You are viewing a plain text version of this content. The canonical link for it is here.
Posted to dev@spamassassin.apache.org by bu...@bugzilla.spamassassin.org on 2004/04/26 05:45:12 UTC

[Bug 3305] New: Are cid.* urls useful to return from get_uri_list for URIDNSBL.pm ?

http://bugzilla.spamassassin.org/show_bug.cgi?id=3305

           Summary: Are cid.* urls useful to return from get_uri_list for
                    URIDNSBL.pm ?
           Product: Spamassassin
           Version: SVN Trunk (Latest Devel Version)
          Platform: Other
        OS/Version: other
            Status: NEW
          Severity: normal
          Priority: P5
         Component: Libraries
        AssignedTo: spamassassin-dev@incubator.apache.org
        ReportedBy: yusufg@outblaze.com


Hi, Currently URIDNSBL.pm uses SA's get_uri_list to get a list of URI's
from a message, the current regex seems to also get uri's of the form
cid:random_characters in the list

cid:.* seems to refer to content-ids,attachments in the same message
when these uris are run through uri_to_domain, they return back the same
result cid:.*

Currently, SURBL relies on get_uri_list the grab the list of domains,
some uri's may not be appropiate as the basis for which to grab domains
for.

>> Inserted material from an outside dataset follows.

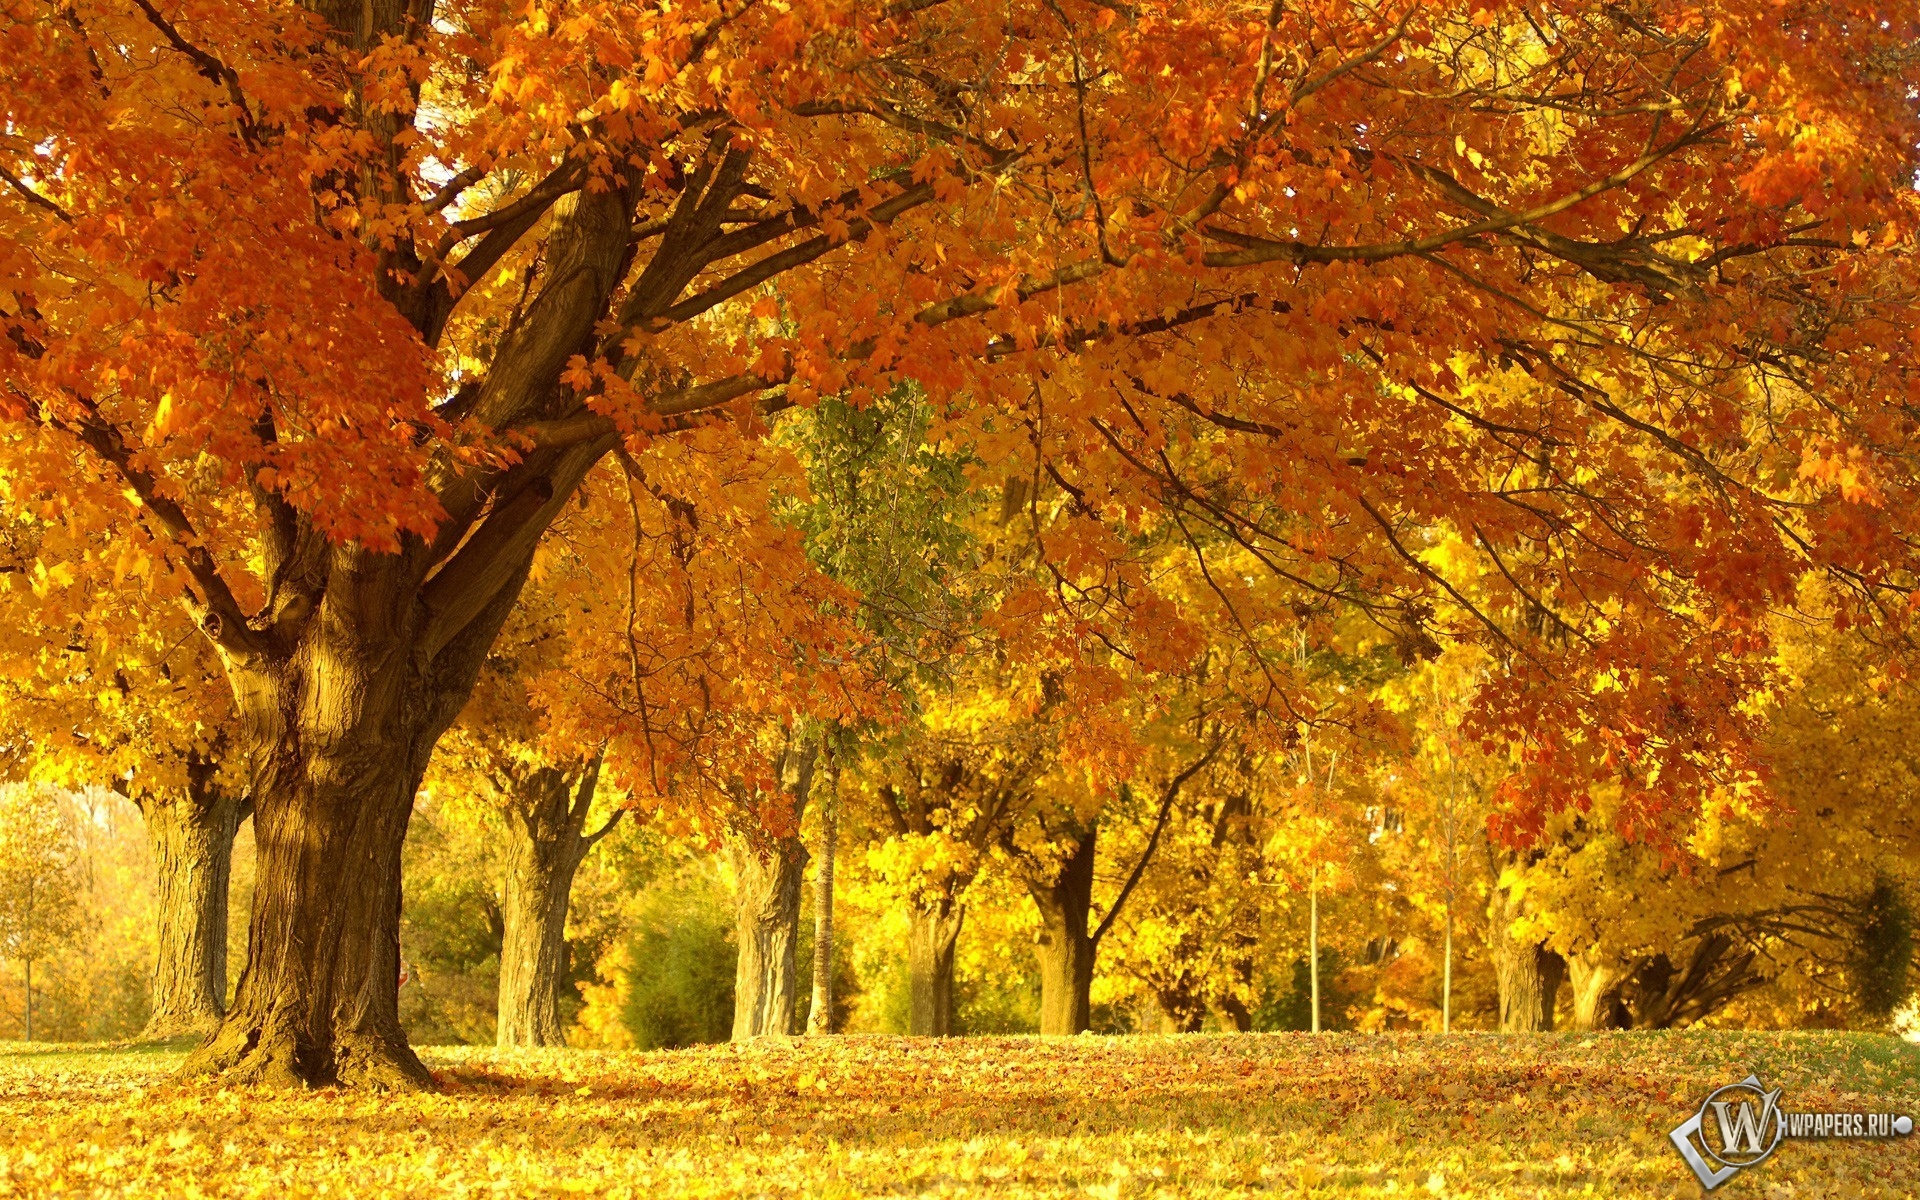 Осенняя аллея лес деревья природа

If that list could be cut down, then the pool from which the random
selection is made could be more interesting

e.g, I could write a message with maybe 25-30 cid:.* url's and one
real-spamvertised url'. The probability of URIDNSBL.pm to get the
spamvertised url will be higher if the noise from the cid:.* url or
other non-interesting url's could be removed

Eric Kolve author of SpamcopURI.pm wrote this on the SURBL list
--
I use URI to do all the URI parsing and then check to see if it
has a host method, which only schemes such as http, ftp, gopher, etc.
actually implement.  The cid scheme translates to an internal _foreign
URI type, which has no host implementation.
--

Maybe URIDNSBL.pm should use a filter over get_uri_list which only spits out
uri's which have host implementations and use that to get the random set which
could be fed to uri_to_domain



------- You are receiving this mail because: -------
You are the assignee for the bug, or are watching the assignee.